The catch is that “Hero Worship” comes hot on the heels of “New Ground”, another story about a child still healing from trauma, a parental figure and Starfleer officer struggling to help them overcome it, with the climax of the story validating the bond between them in the midst of a ship-threatening calamity. It’s not the writers’ fault that the episodes were arranged this way, but it creates a certain “We’ve seen this same sort of idea, only done better” shadow that hangs over Data’s turn to be a space dad.

One of the differences between the two episodes, though, is that “Hero Worship” centers more of the story on Timothy than on his surrogate father. Young Joshua Harris does perfectly fine work in the role, but the script asks a lot of him, and the young actor just isn’t up to conveying the realism and emotional range necessary to make some of the more complex scenes truly land. That’s a problem, though, since Timothy’s emotional journey is the core of this story, so it rises and falls on Harris’s ability to convey what Timothy is going through.

Still, performance aside, we see the trajectory of that journey well enough, with a strong emotional throughline. Timothy is laboring under the weight of his psychological trauma. Pretending to be an android, someone who doesn’t feel and doesn’t fail, gives him relief from that trauma. But it’s a temporary palliative, one that Data has to help his young ward move on from despite their bond.
That’s the other half of “Hero Worship”. As always in Data-centric episodes, the experience helps our favorite android understand human concepts like fear and parenthood better through his efforts to help another. Data’s compassion for Timothy, aiming to help him get through this difficult period, aids Data’s own path toward humanity in the way that kids always do, by working as slanted but telling reflections of the people looking after them. From simple realizations about his “head servos” to more profound ones about the value of pain if it means the capacity for joy, Data’s care for this child reveals important things about himself as well.

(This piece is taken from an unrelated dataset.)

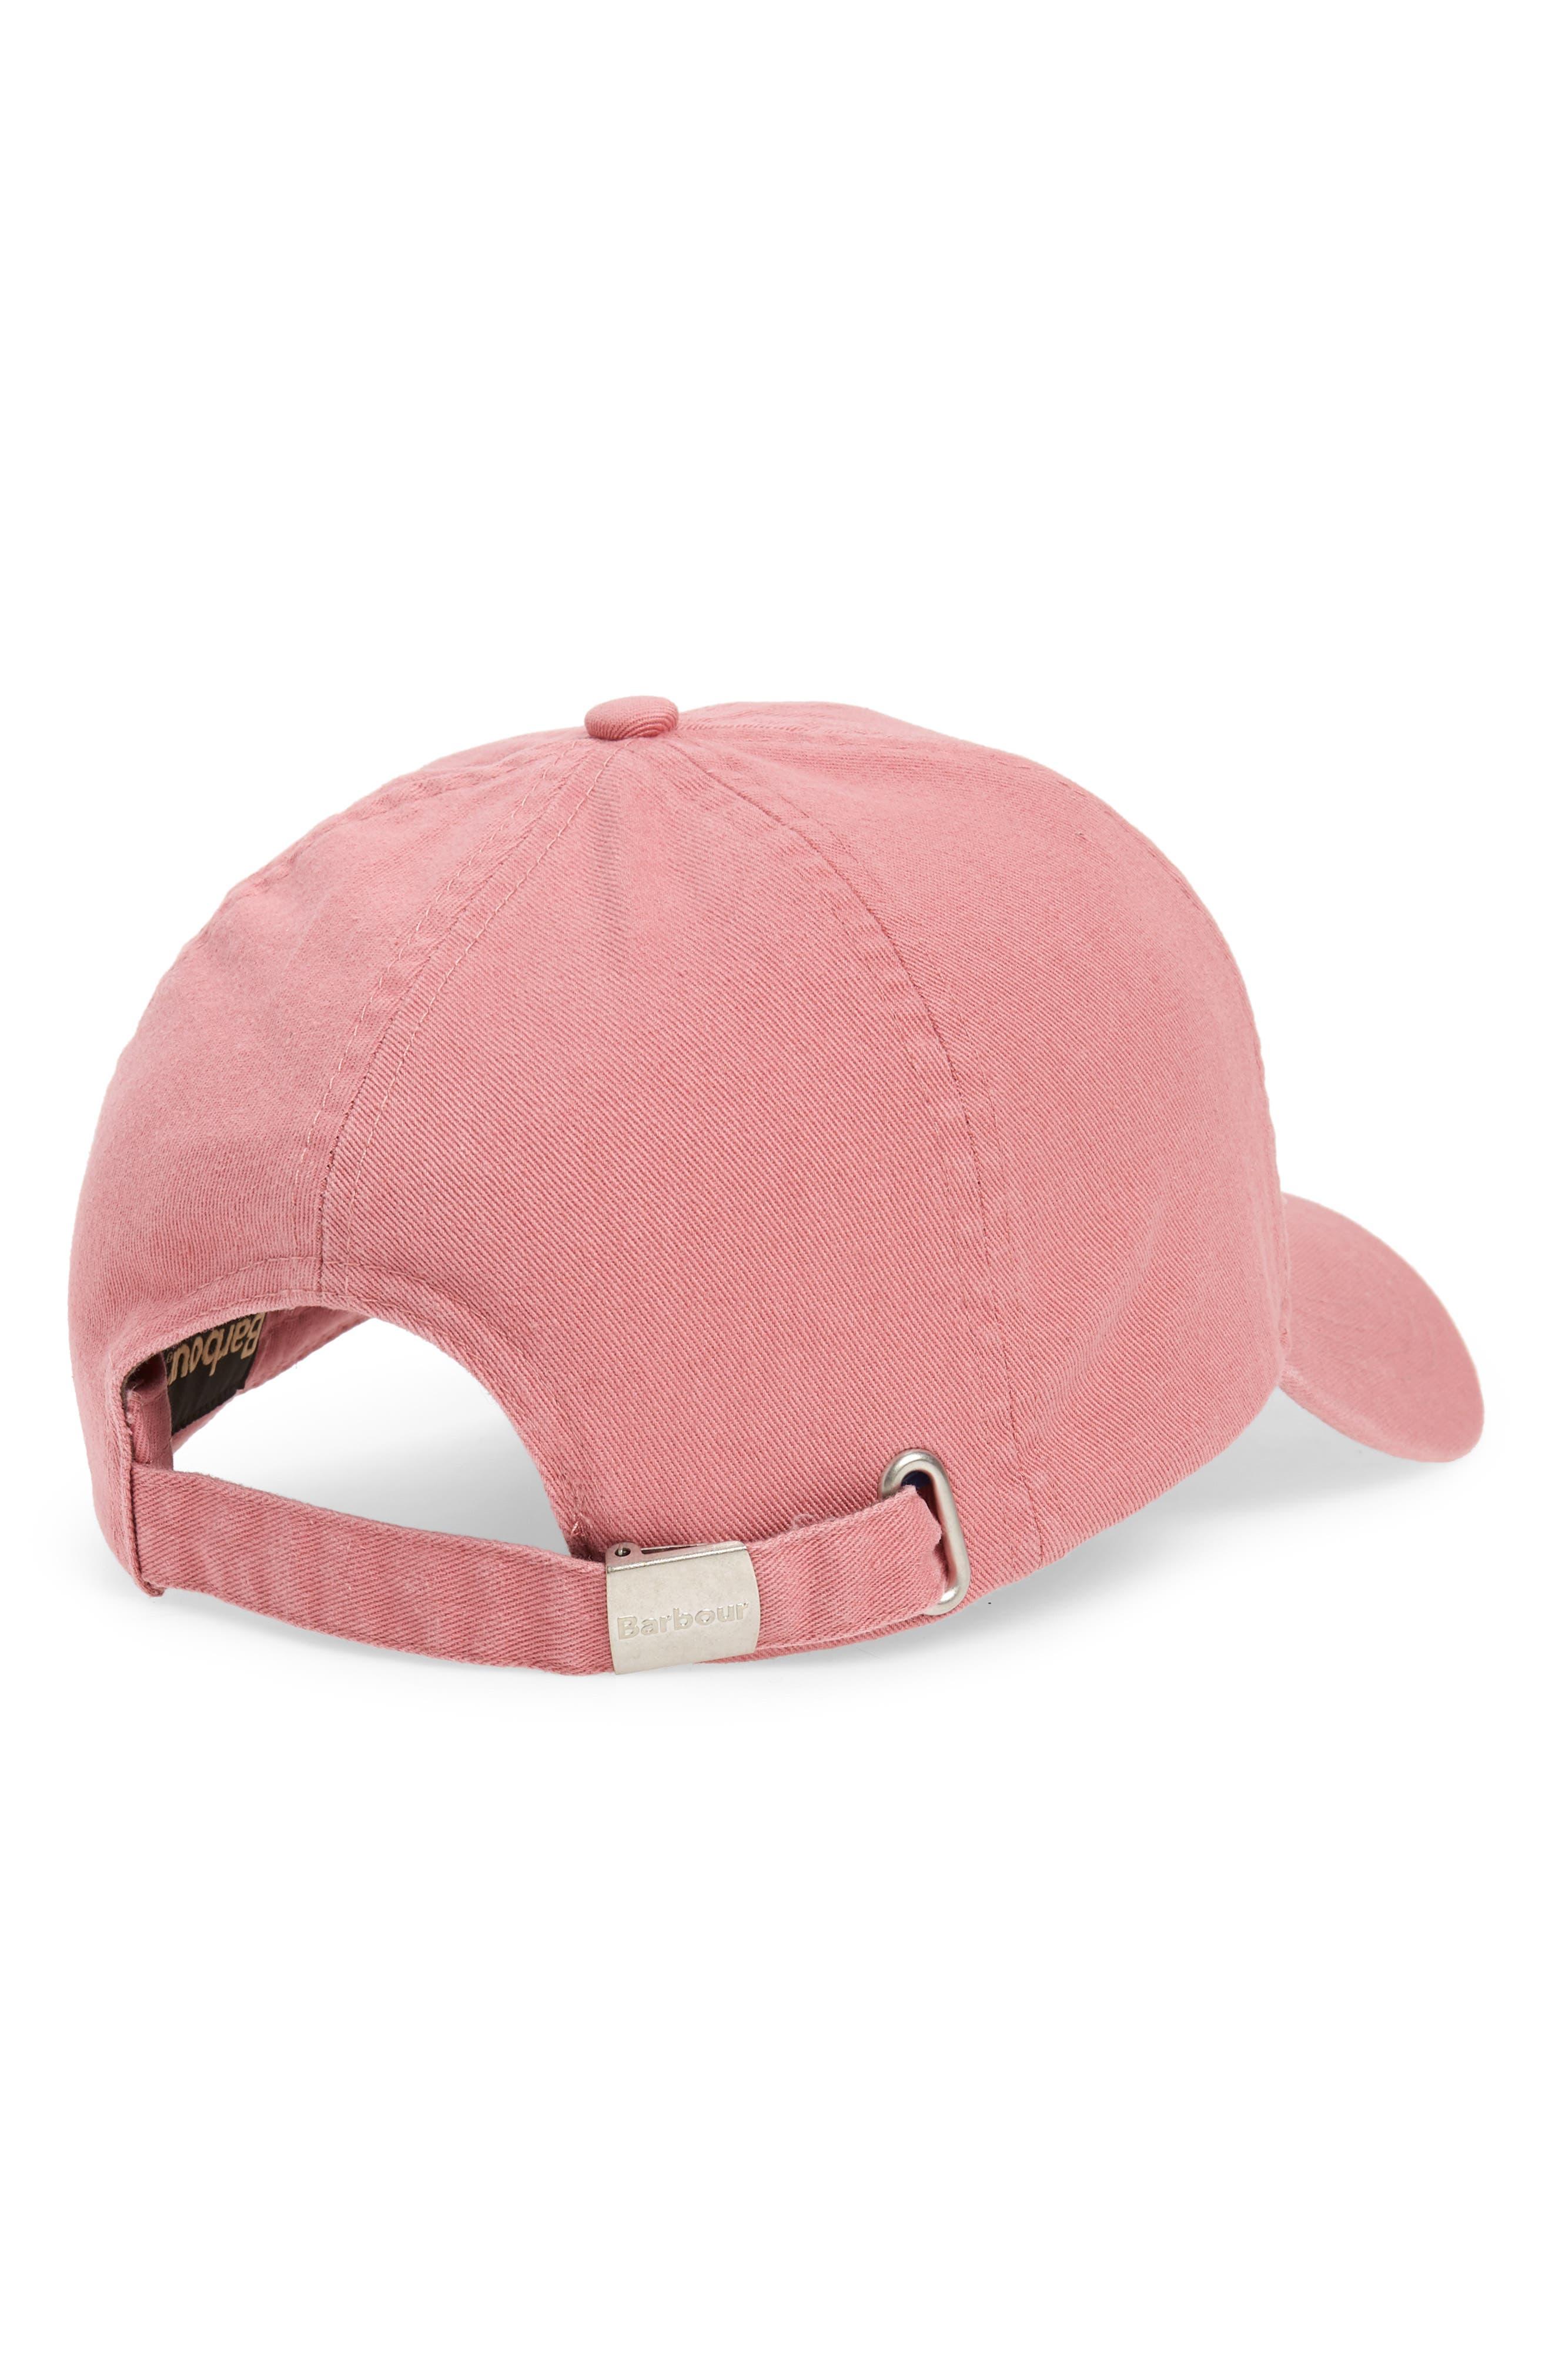 22a15e5aeb6 Baseball Hats for Men   Dad Hats

That last one is the key, though. There’s a powerful thought behind Data’s urge for Timothy to appreciate his humanity rather than run from it. Grief can be difficult. Pain can haunt us, invading our thoughts and making us want to shut it off at all costs. But the same pieces of ourselves that experience those emotional hardships also give us our most rich and satisfying experiences in life. Stepping away from that may be tempting, but it’s ultimately limiting, and confronting our pain is worthwhile, if only to provide for our ability to feel the full range of emotions, joy included, once again.

And yet part of Timothy’s trauma is a misplaced survivor’s guilt. The young boy’s been lying about what really happened aboard the Vico because he blames himself for the disaster. His arm hit a control panel when the catastrophe erupted, and so he mistakenly believes that he caused it. The strongest scene in the episode (save maybe Data explaining his willingness to venture sadness to feel joy), comes when Data, Troi, and Picard all explain to Timothy, in and age appropriate way, that this wasn’t his fault, that the panels don’t work that way, and that by hiding the truth he only prolonged his own unnecessary guilt.

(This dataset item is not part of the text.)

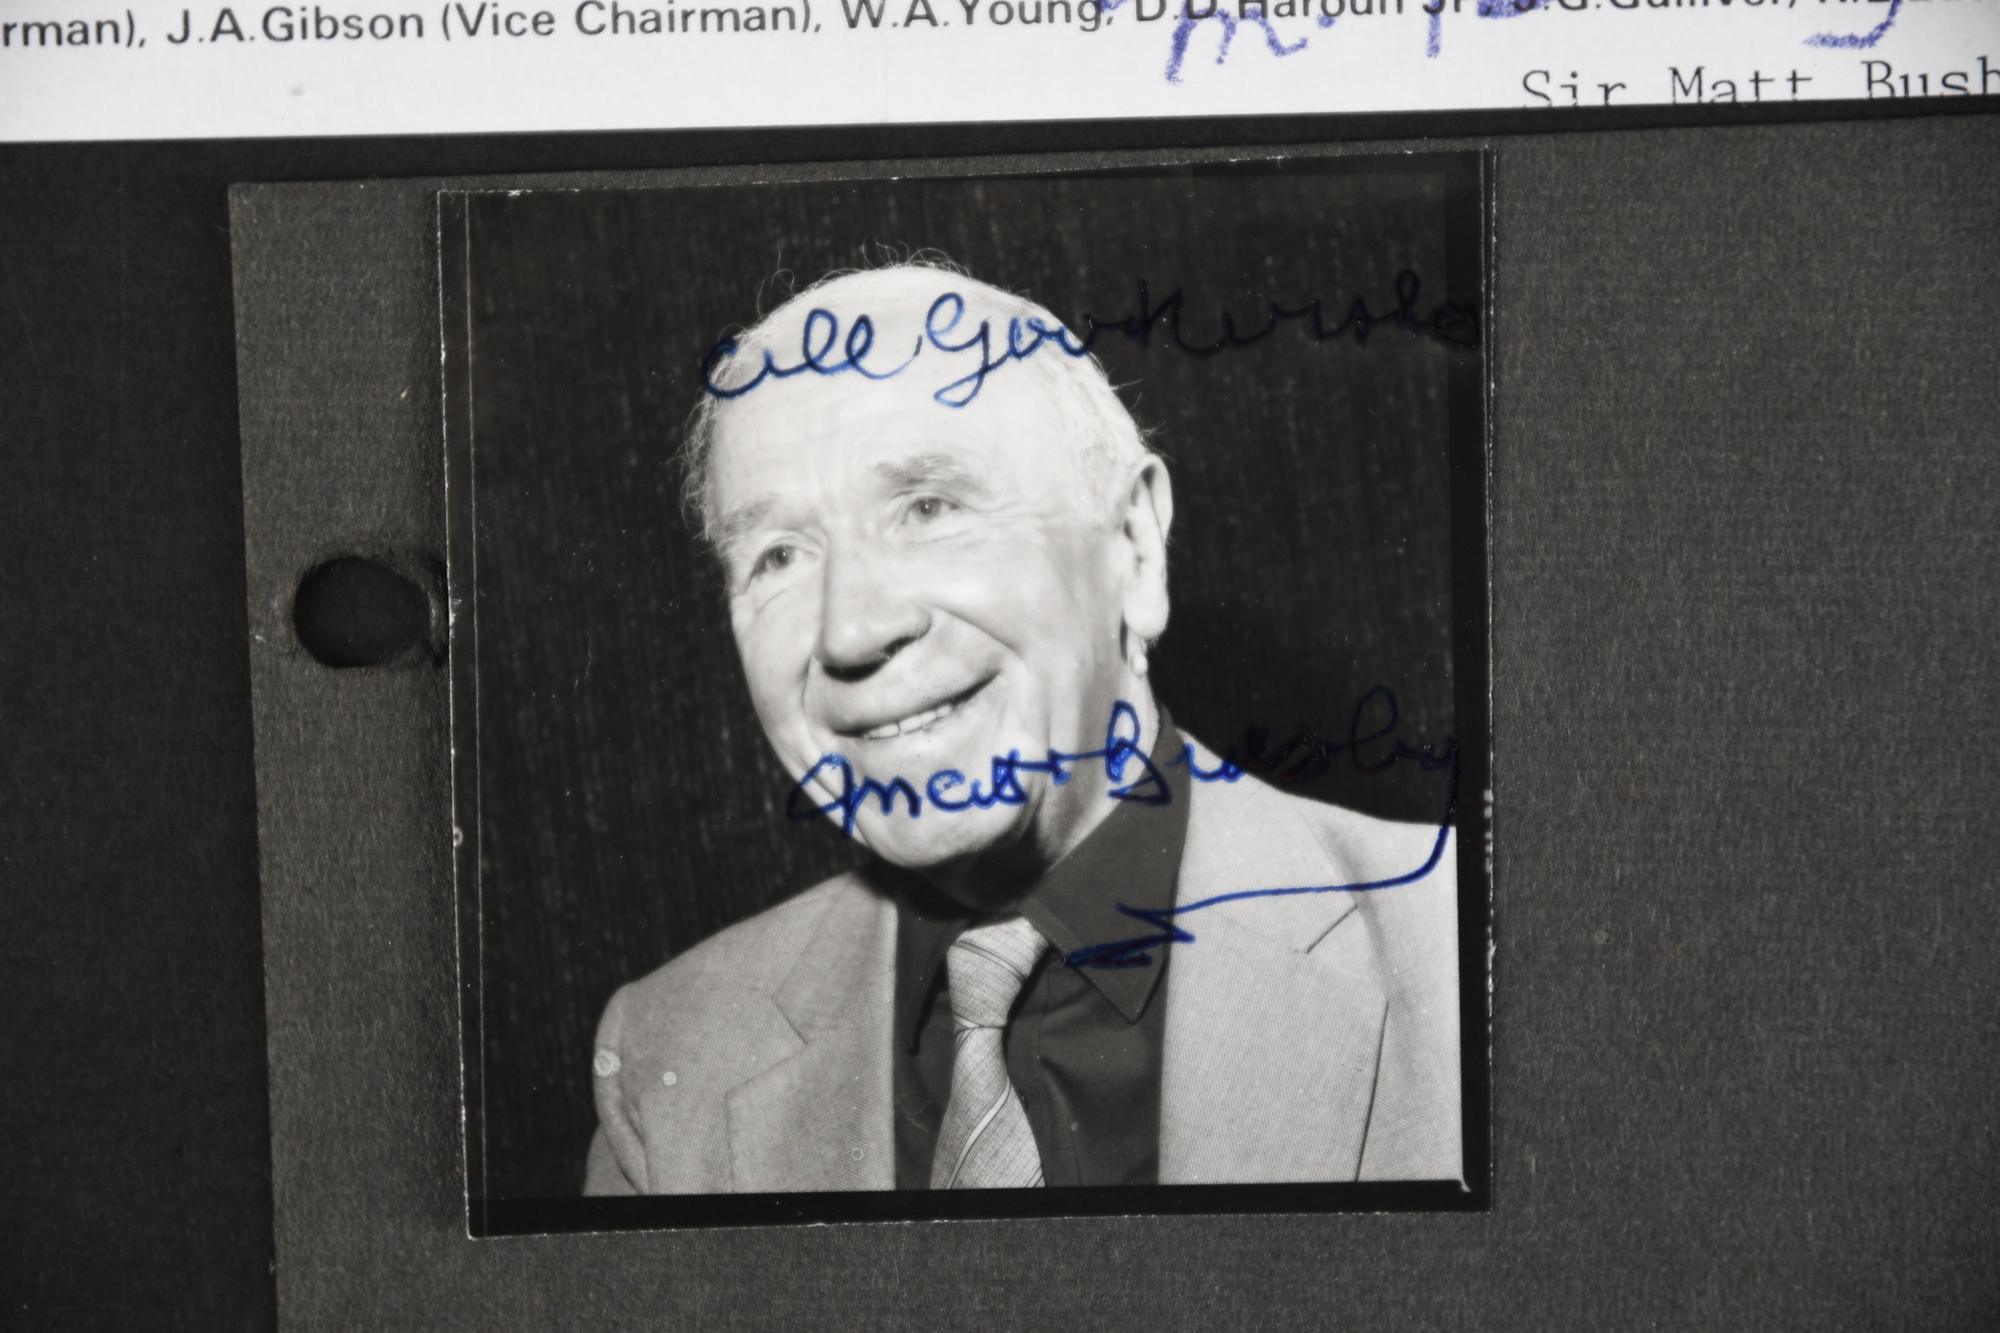 MATT BUSBY Original signature - Image 3 of 3

Of course, when Timothy does come clean, he’s able to give Data the info necessary to save the day. It turns out to be a pretty standard “What if we used less power instead of more?” solution, but the import is there. Timothy’s honesty, bolstered by his confidence that he’s not to blame for what happened, allows him to help his friend save everyone from succumbing to the same fate.

But to make it happen, Data had to meet Timothy where he lived and share ideas at his level. Only then would Timothy come clean about the truth of how he experienced this tragedy. “Hero Worship” isn’t the greatest episode of Star Trek. It’s a little slow and a little cheesy and even a little simple in places. But it seizes on that core truth, about the different ways kids understand traumatic events and their own reactions to it, that gives it a piece of something profound to light the way.